*Data block*:
________

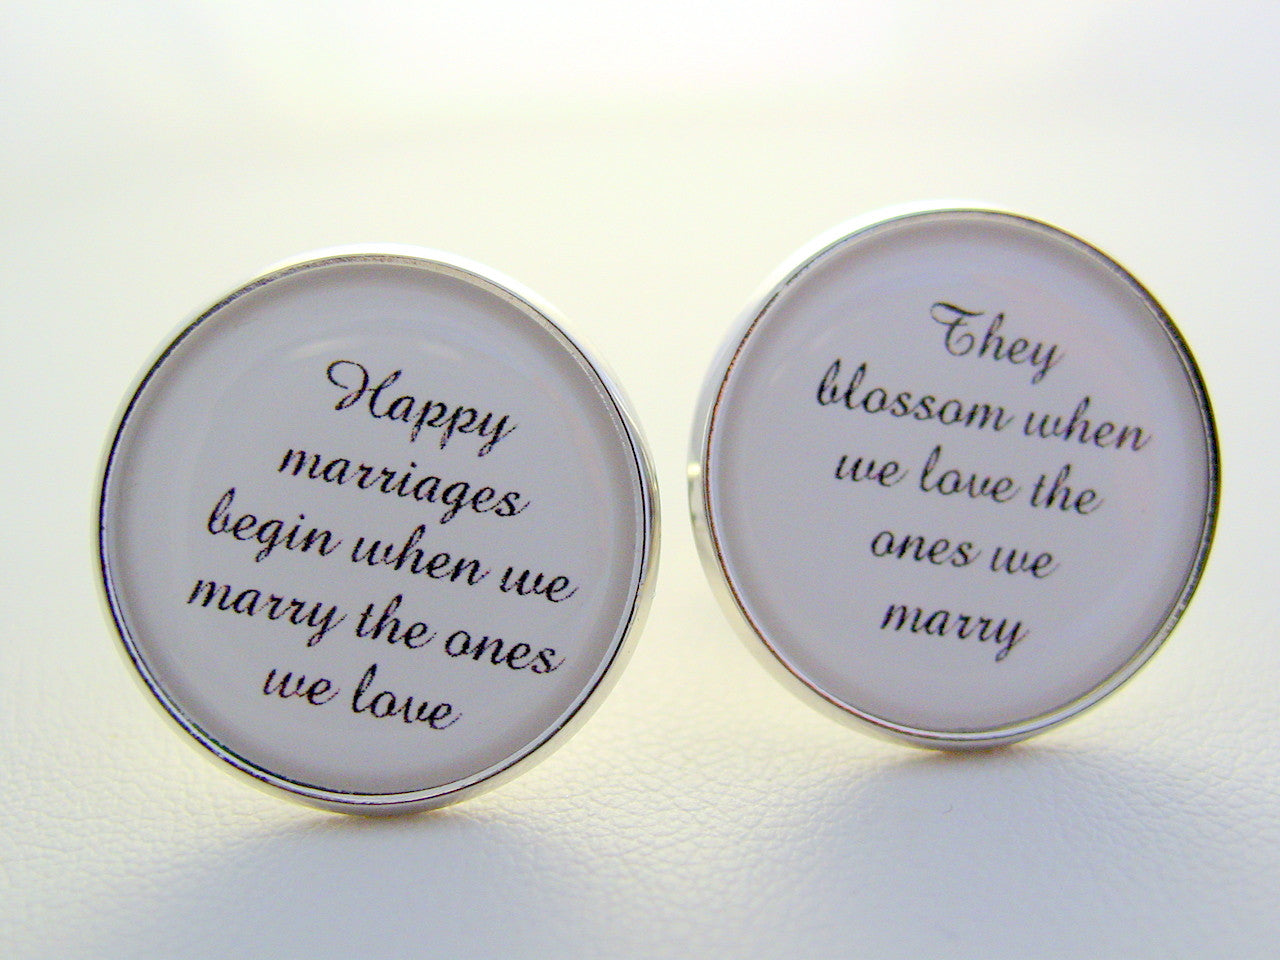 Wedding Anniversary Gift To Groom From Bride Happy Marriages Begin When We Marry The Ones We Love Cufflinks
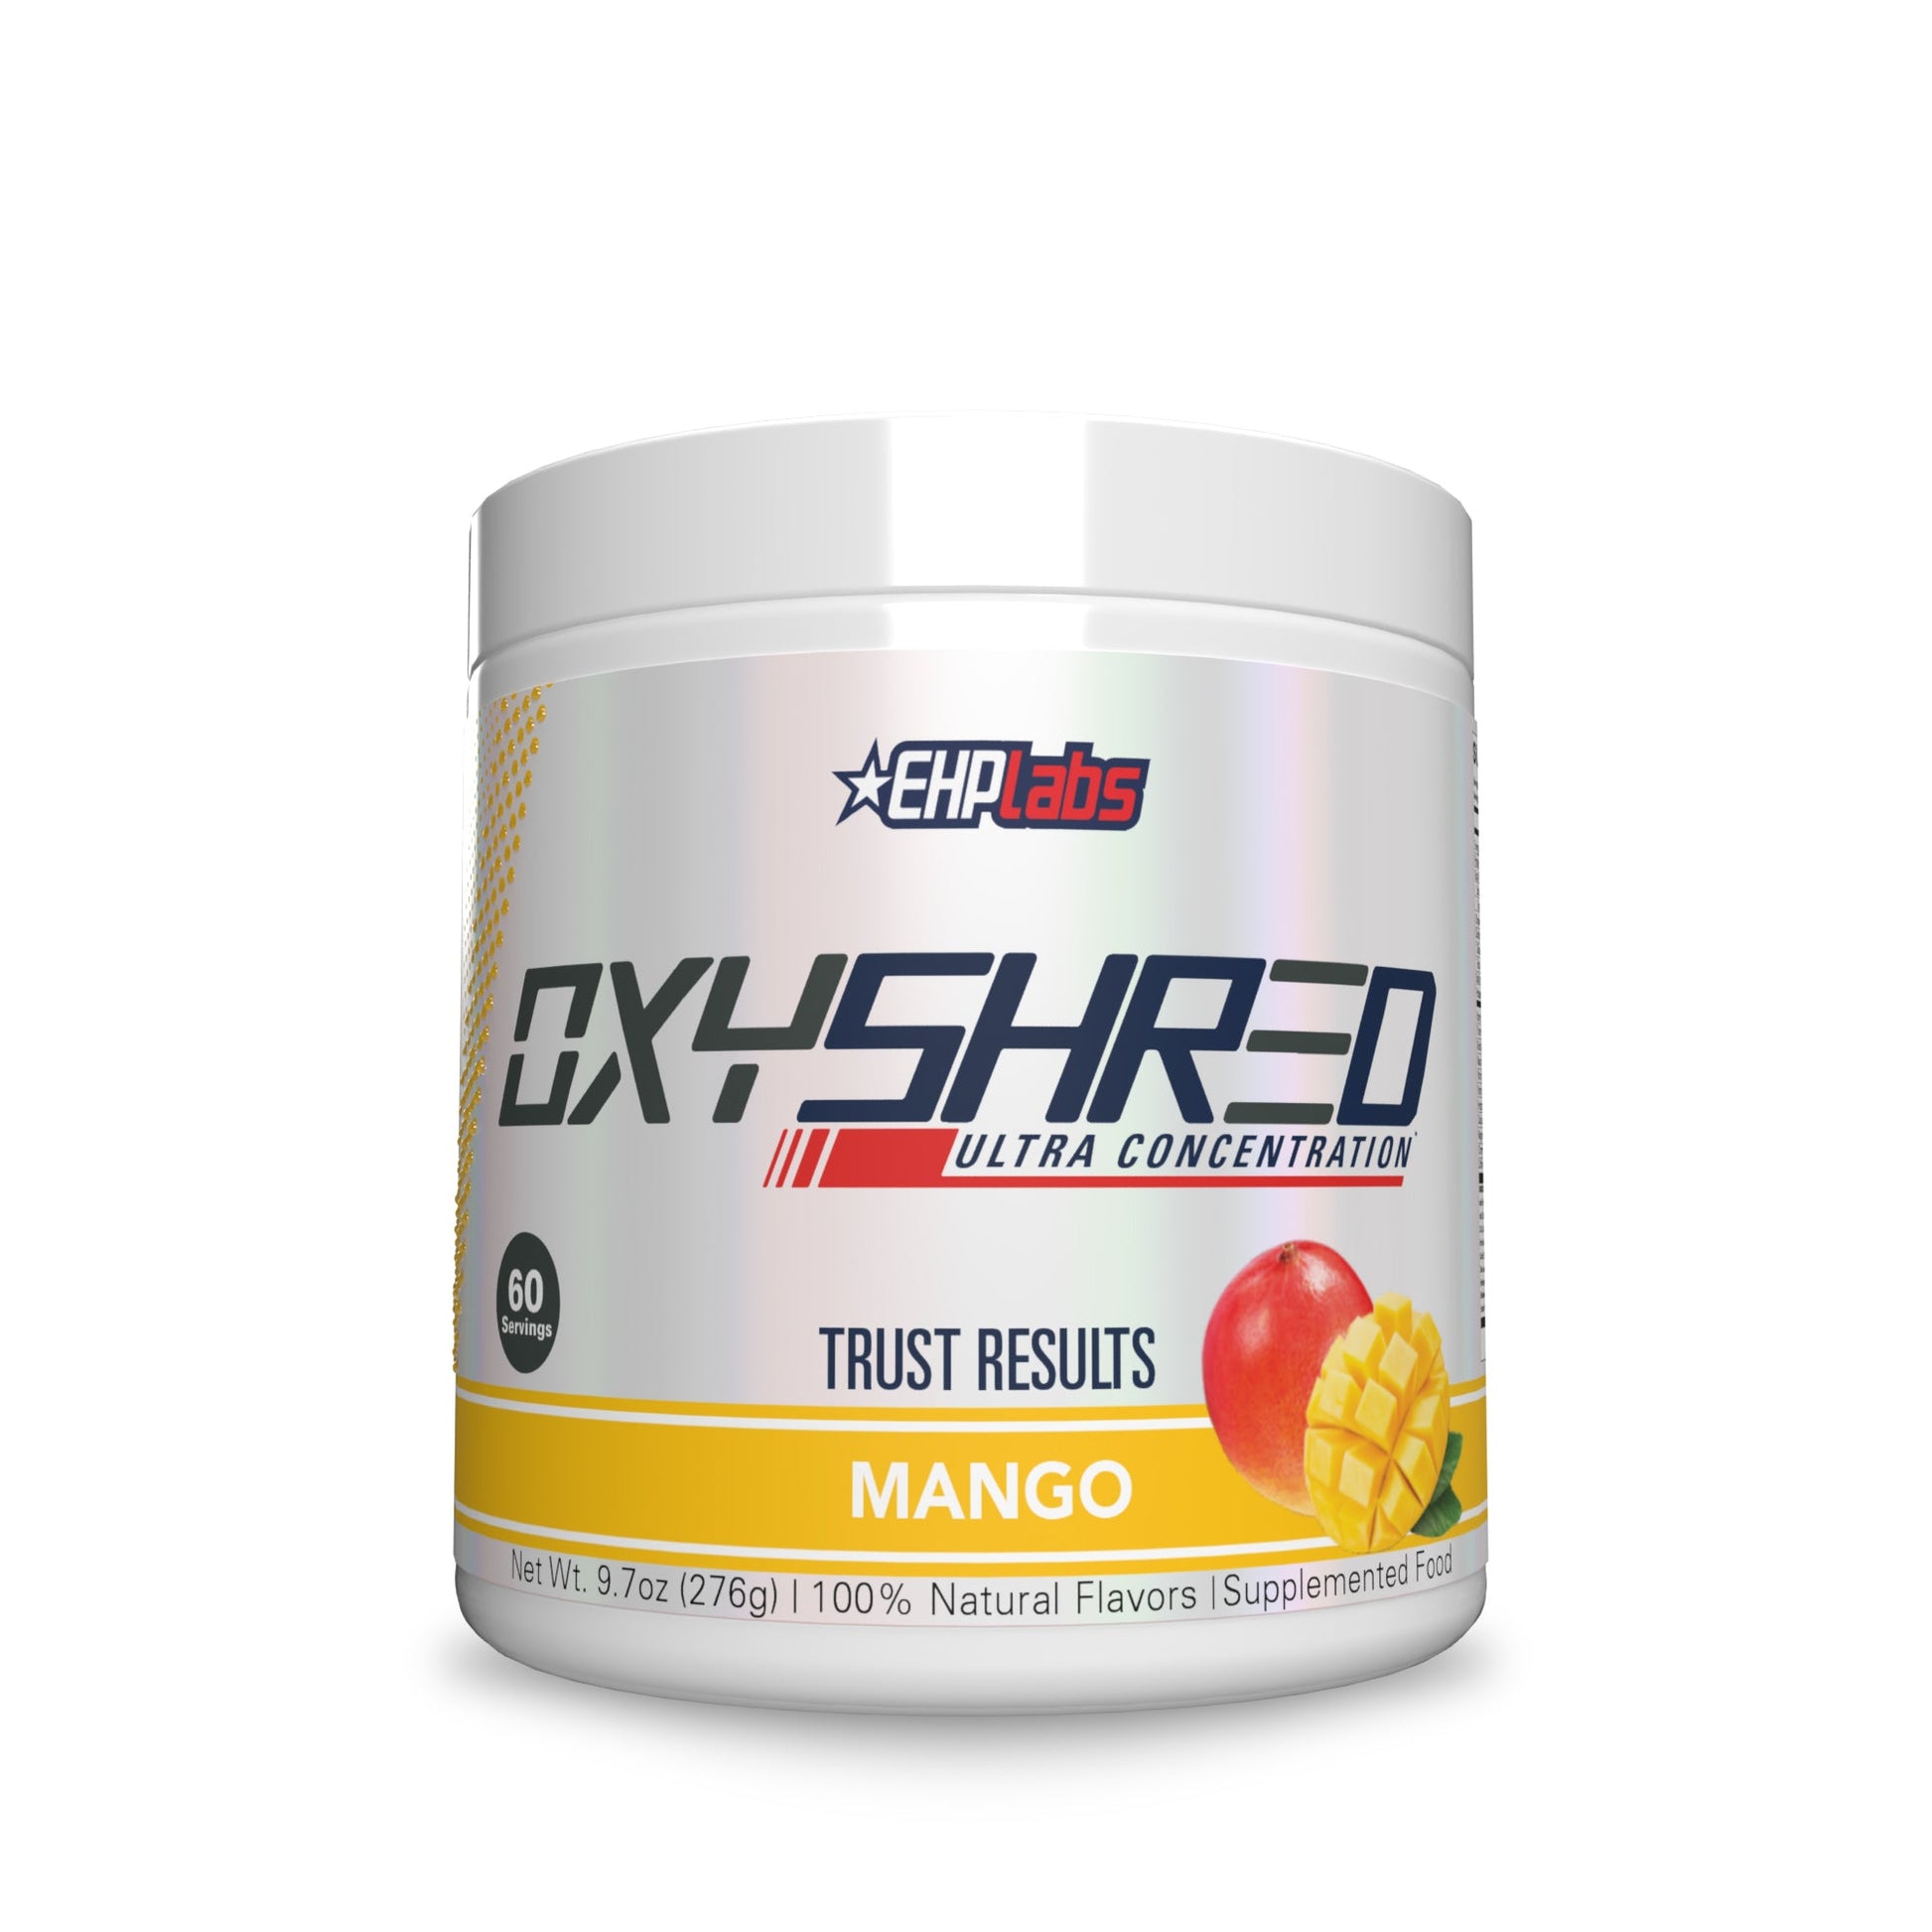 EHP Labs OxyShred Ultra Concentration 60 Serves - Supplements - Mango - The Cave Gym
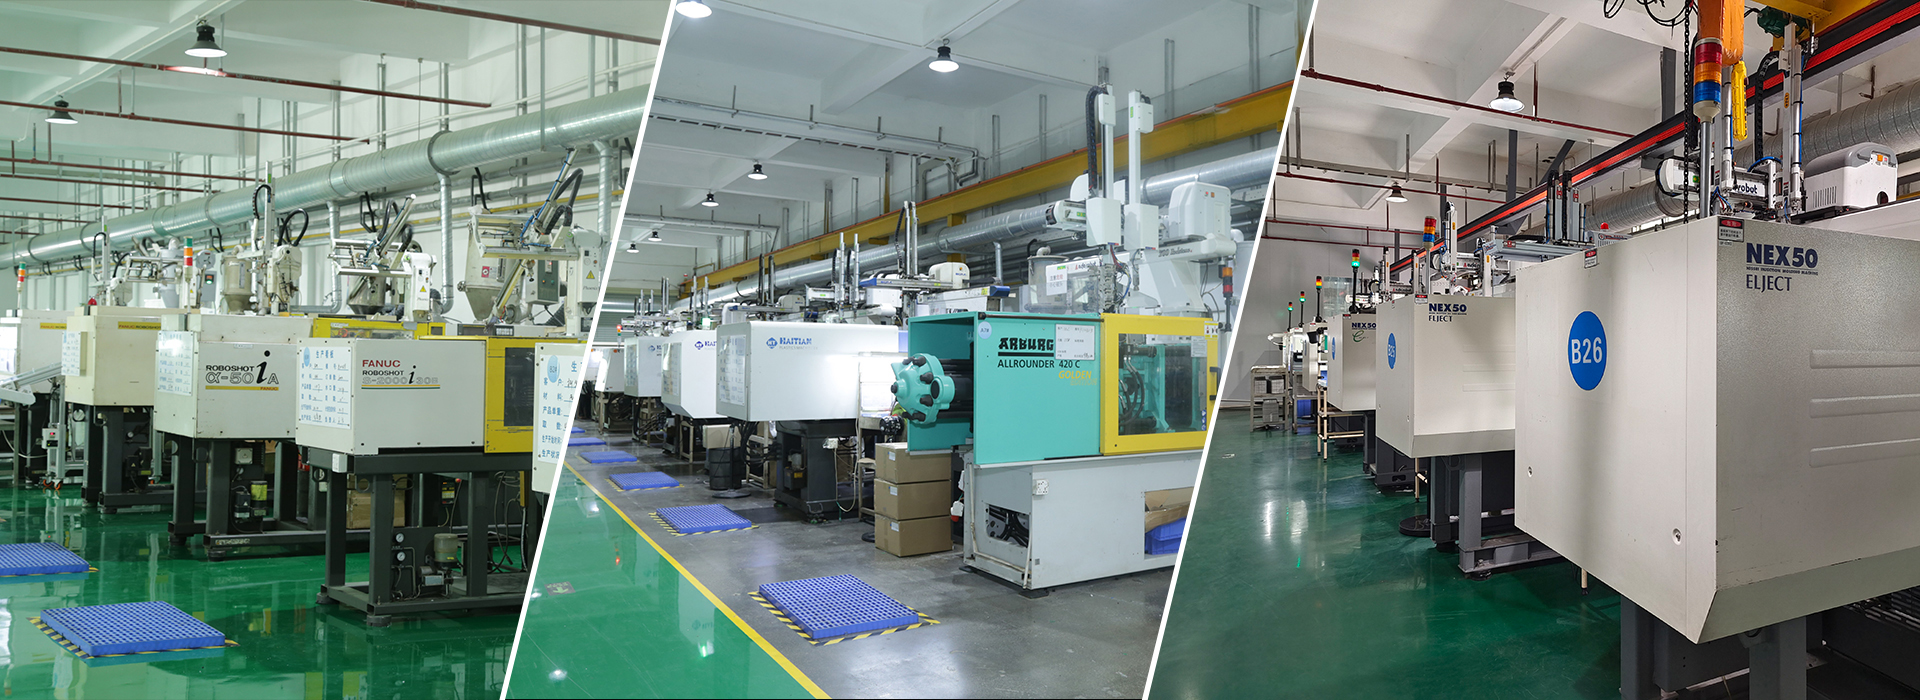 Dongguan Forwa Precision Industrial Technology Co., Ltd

________

*Activity*:
Print the material word for word without images.

*Final answer*:
 Wedding Anniversary Gift To Groom From Bride Happy Marriages Begin When We Marry The Ones We Love Cufflinks
 EHP Labs OxyShred Ultra Concentration 60 Serves - Supplements - Mango - The Cave Gym
 Dongguan Forwa Precision Industrial Technology Co., Ltd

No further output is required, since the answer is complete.